BEGIN Input records
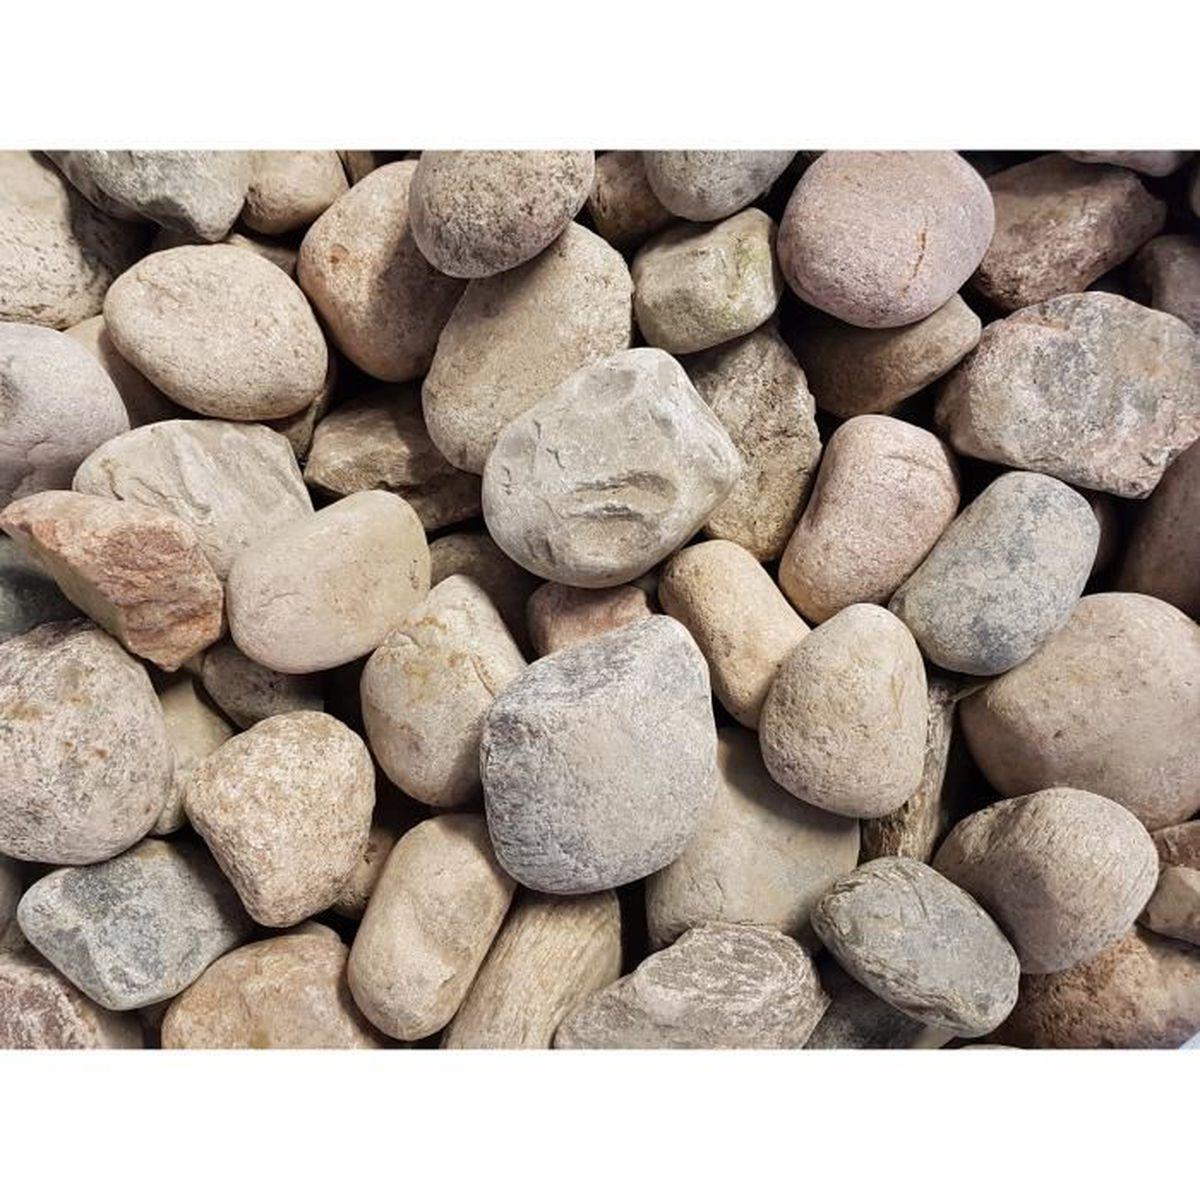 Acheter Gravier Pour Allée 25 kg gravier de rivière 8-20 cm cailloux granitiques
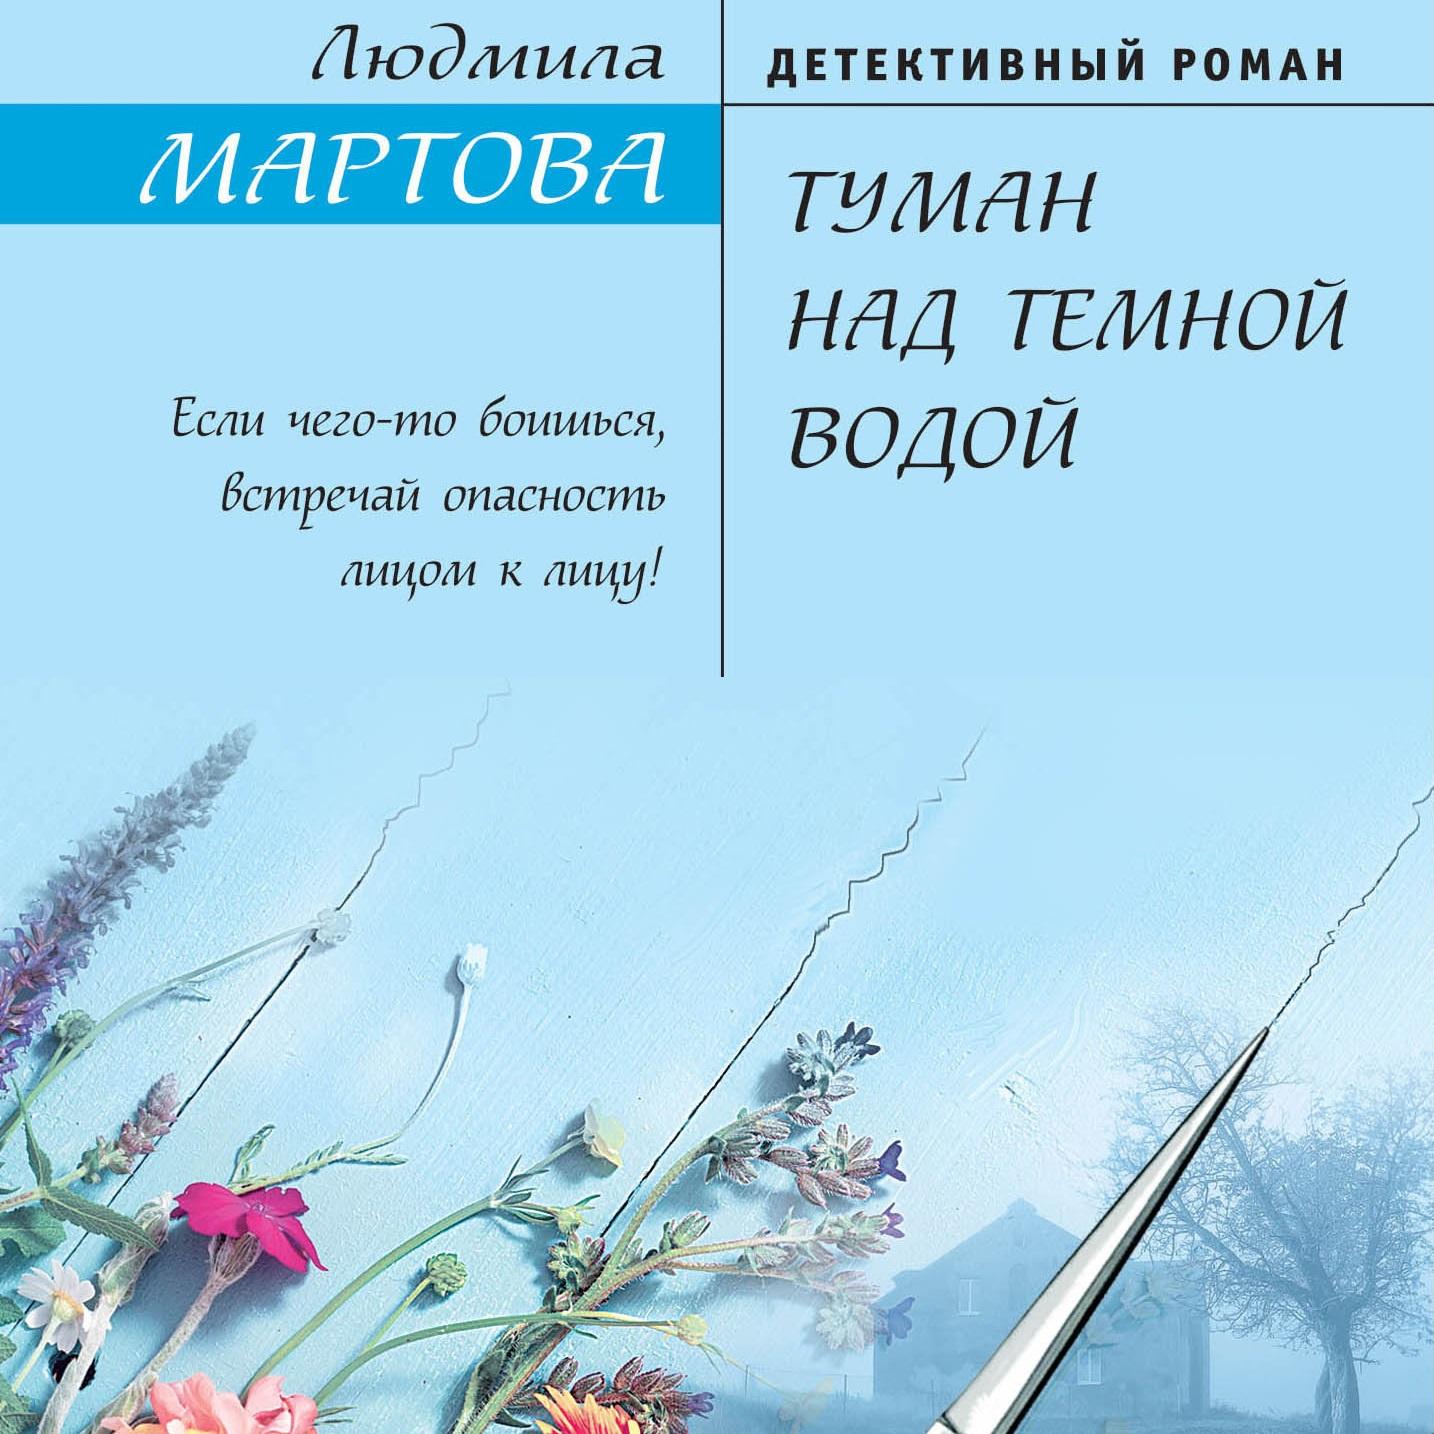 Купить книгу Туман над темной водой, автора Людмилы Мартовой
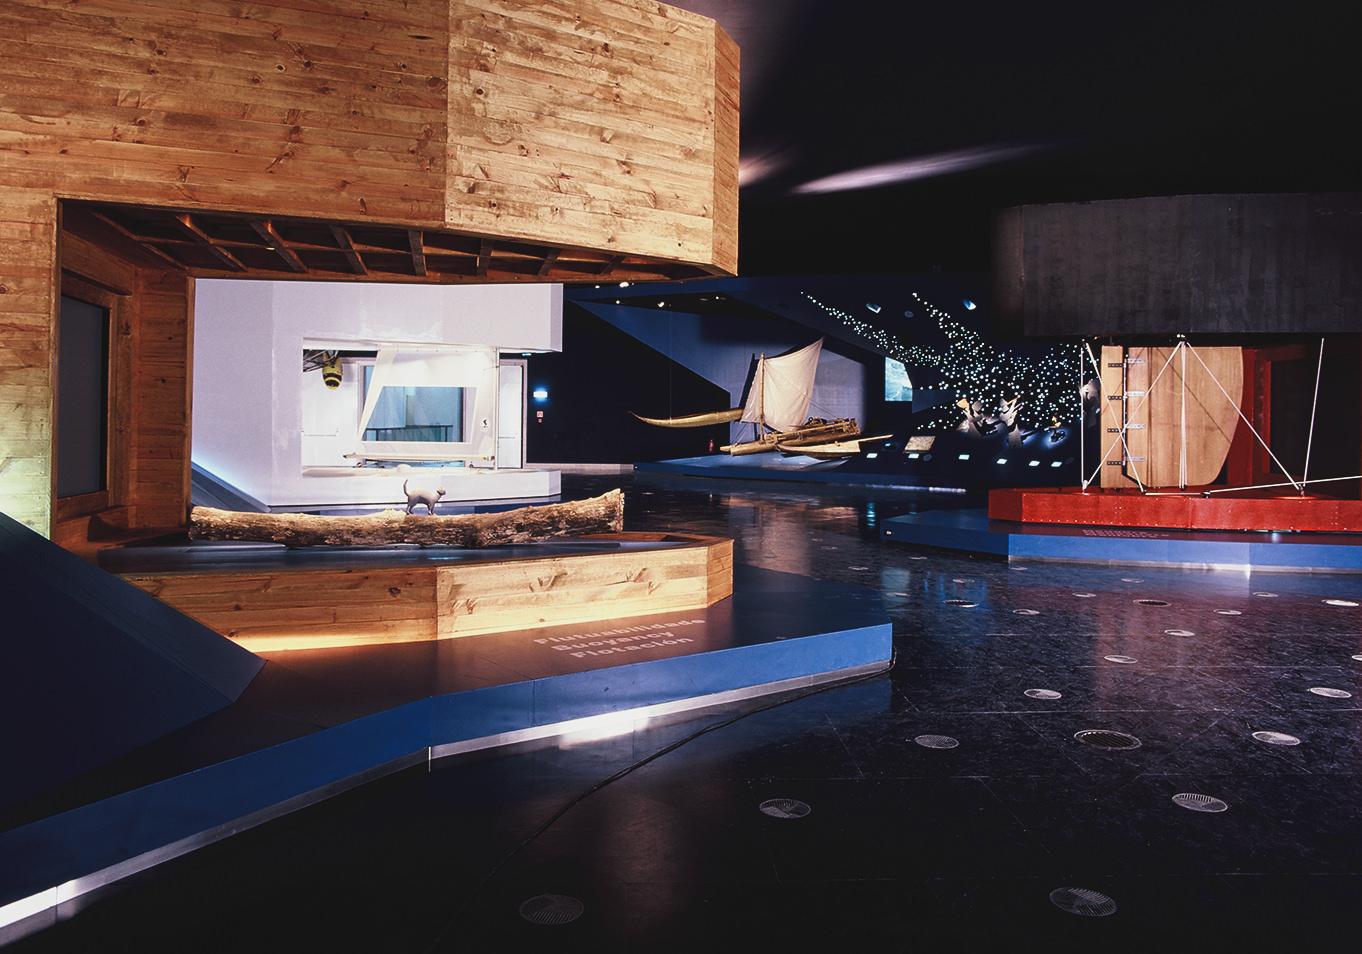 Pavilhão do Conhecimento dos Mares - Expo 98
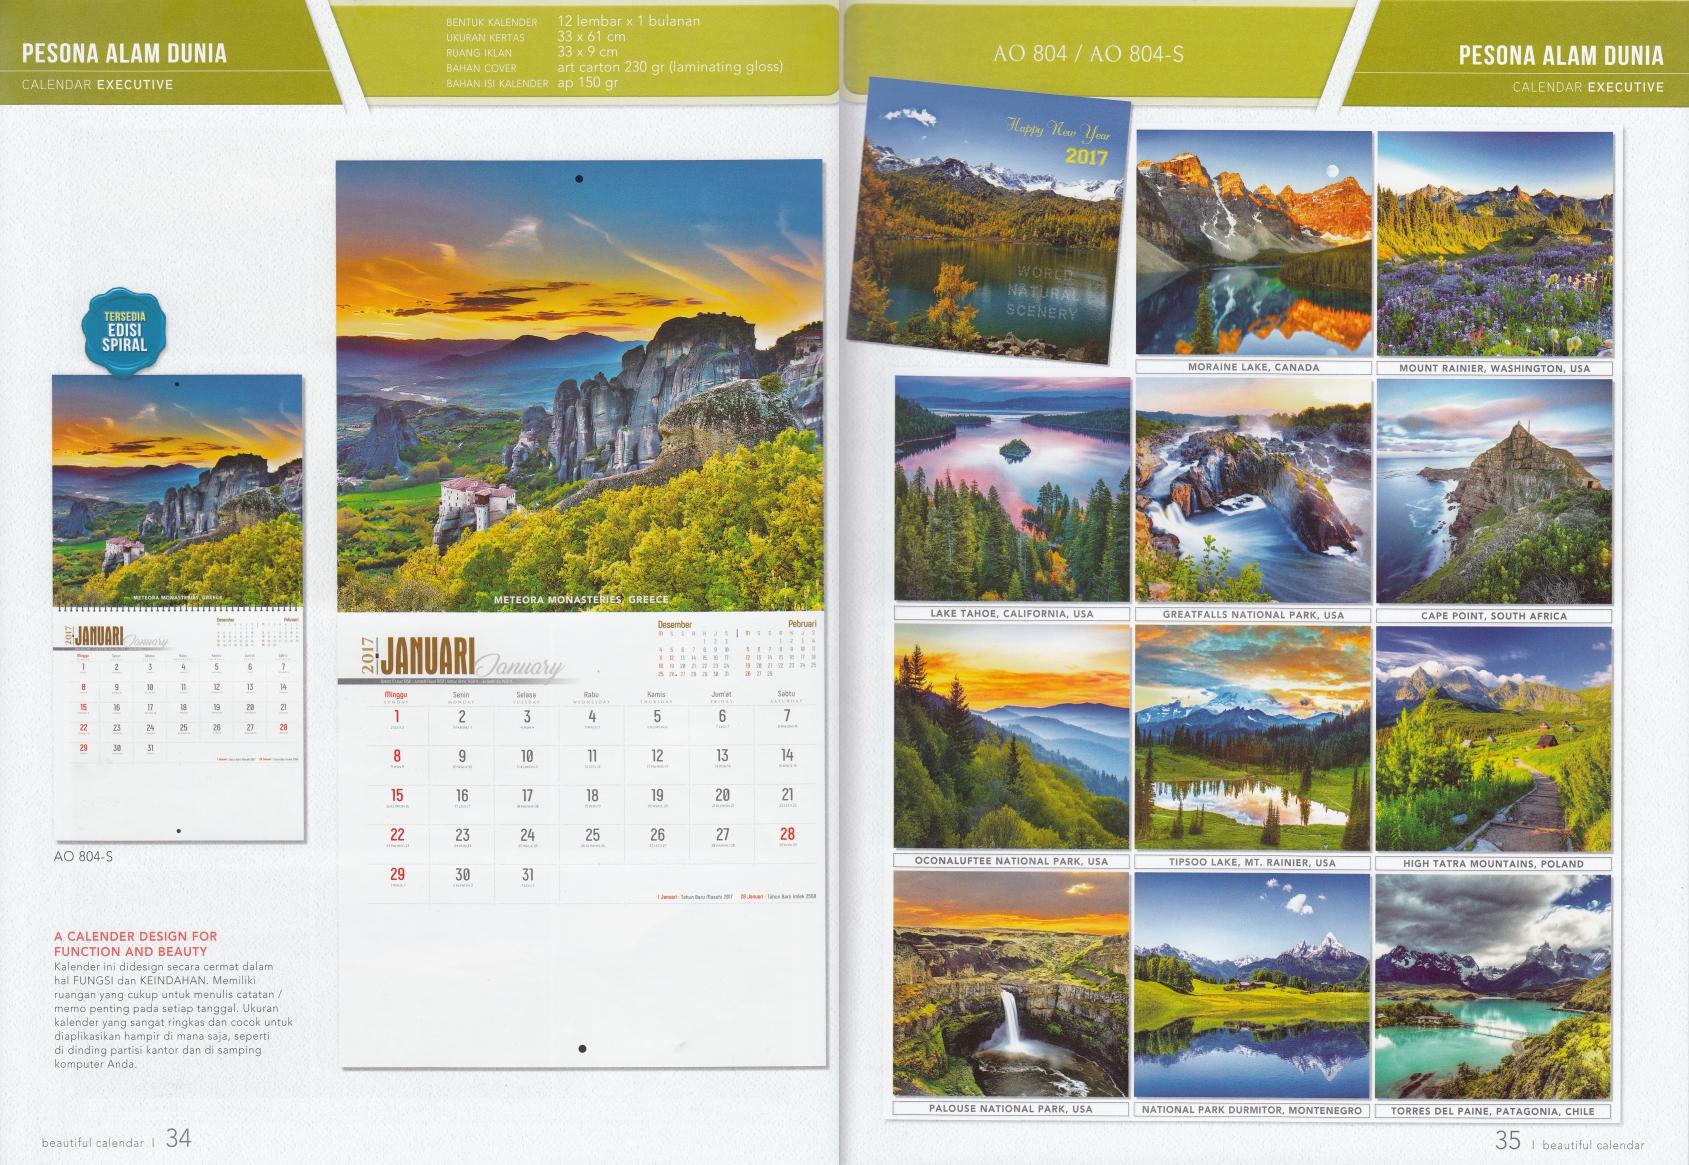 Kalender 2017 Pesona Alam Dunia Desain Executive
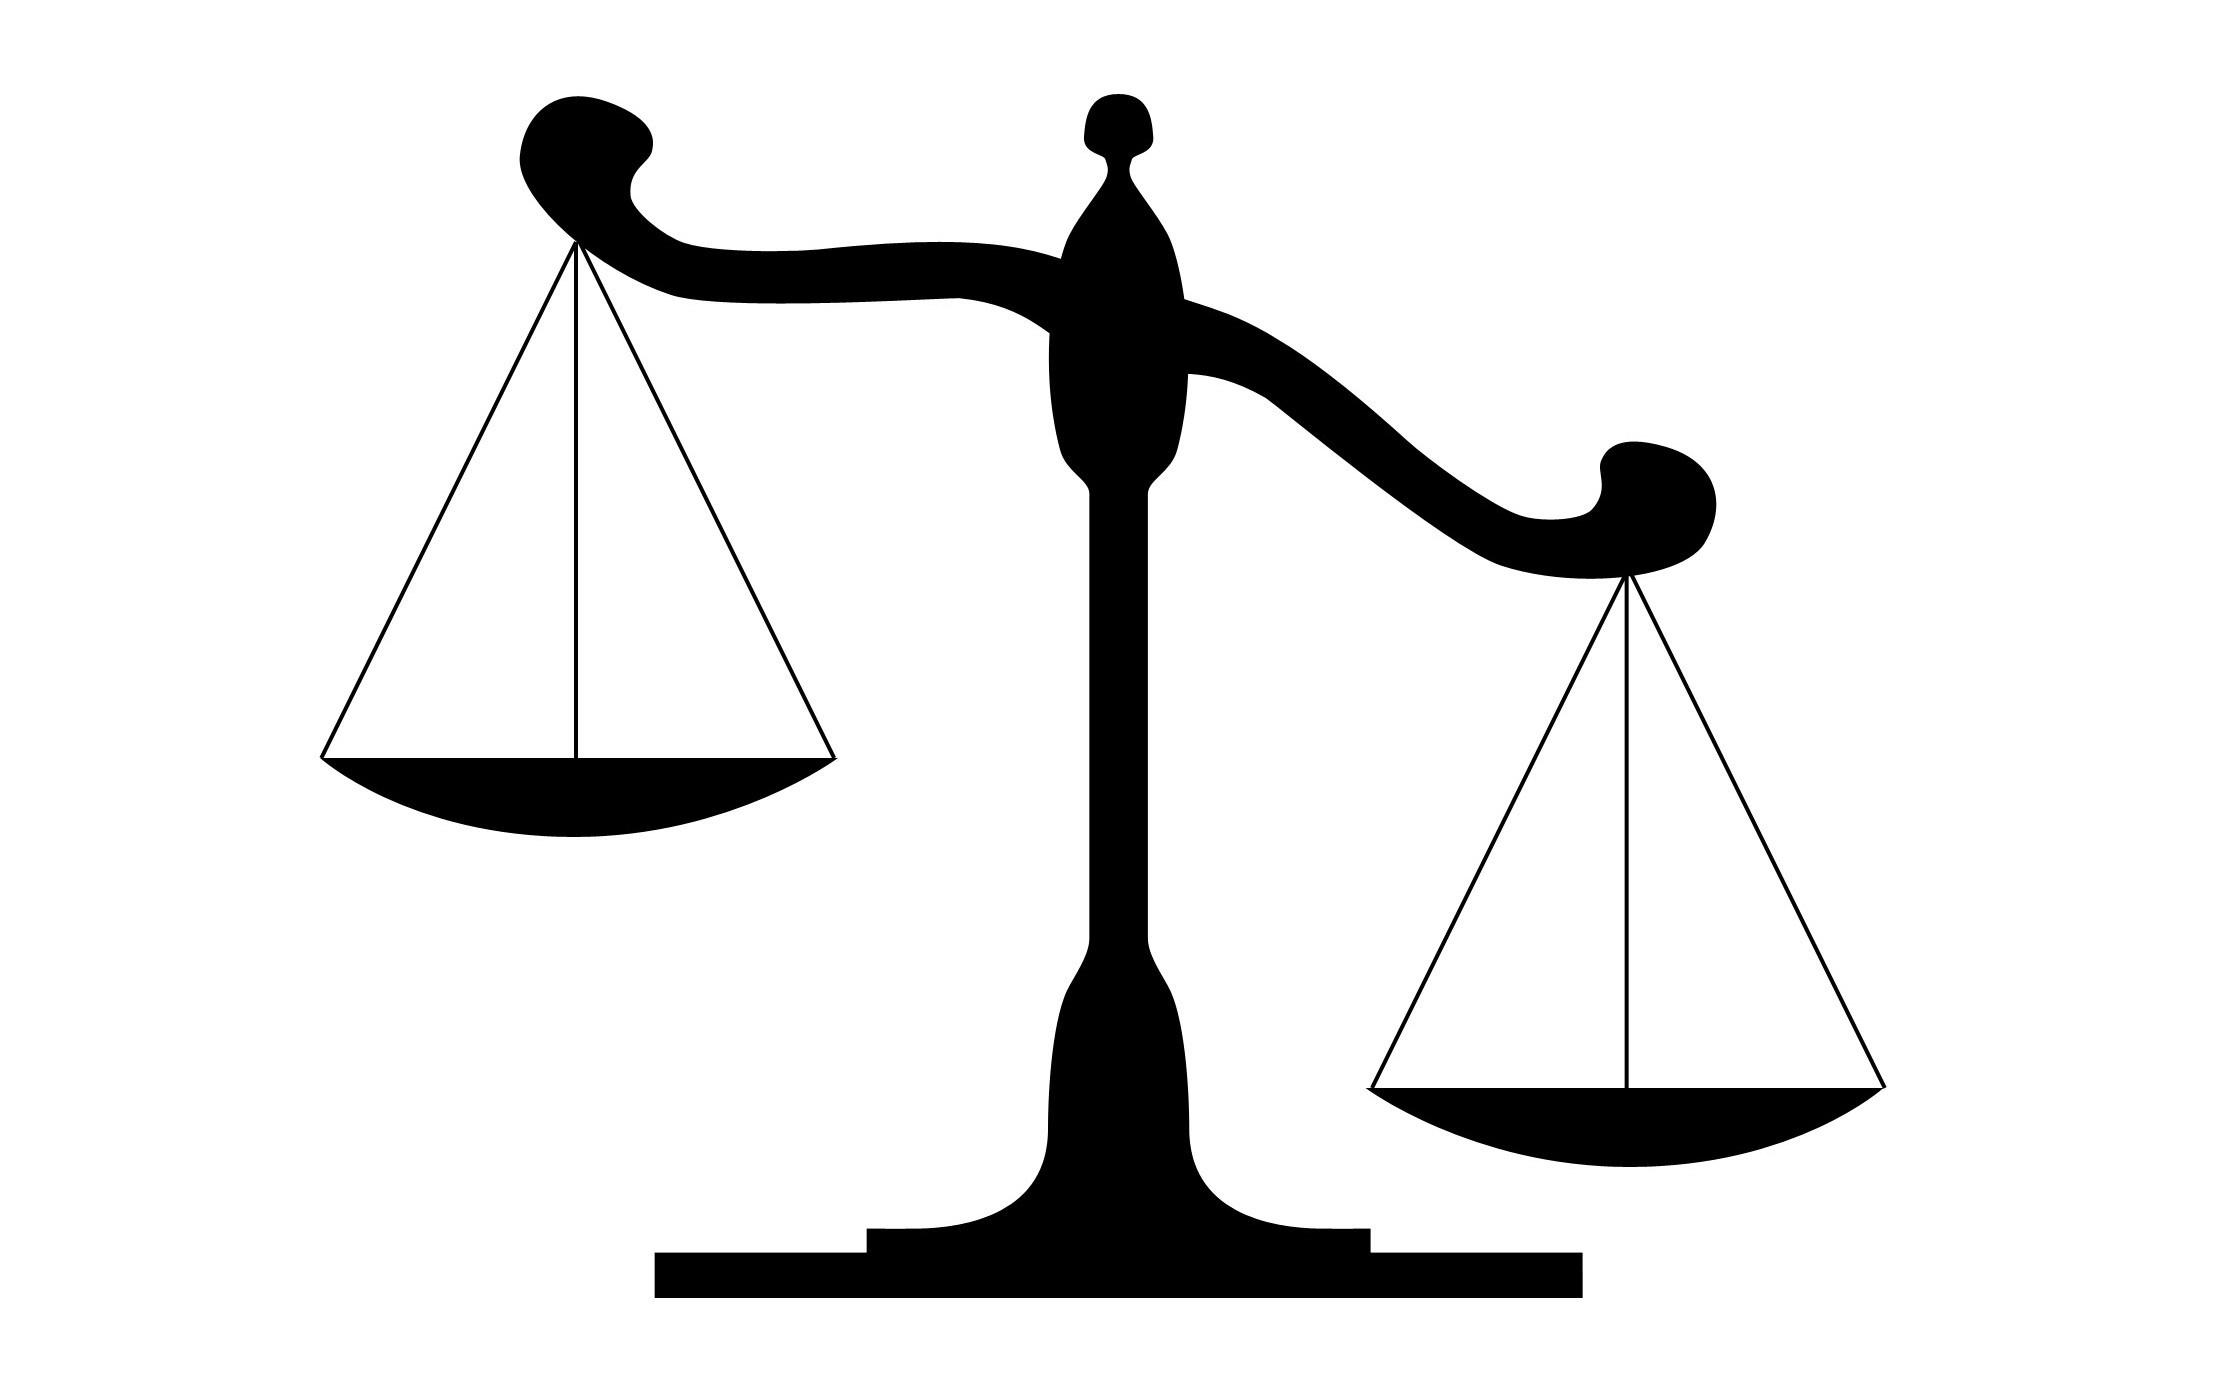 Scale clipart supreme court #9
END Input records
What the exercise asks:
In your copy, omit the pictures and restate every line of the data word for word.

Result:
 Acheter Gravier Pour Allée 25 kg gravier de rivière 8-20 cm cailloux granitiques
 Купить книгу Туман над темной водой, автора Людмилы Мартовой
 Pavilhão do Conhecimento dos Mares - Expo 98
 Kalender 2017 Pesona Alam Dunia Desain Executive
 Scale clipart supreme court #9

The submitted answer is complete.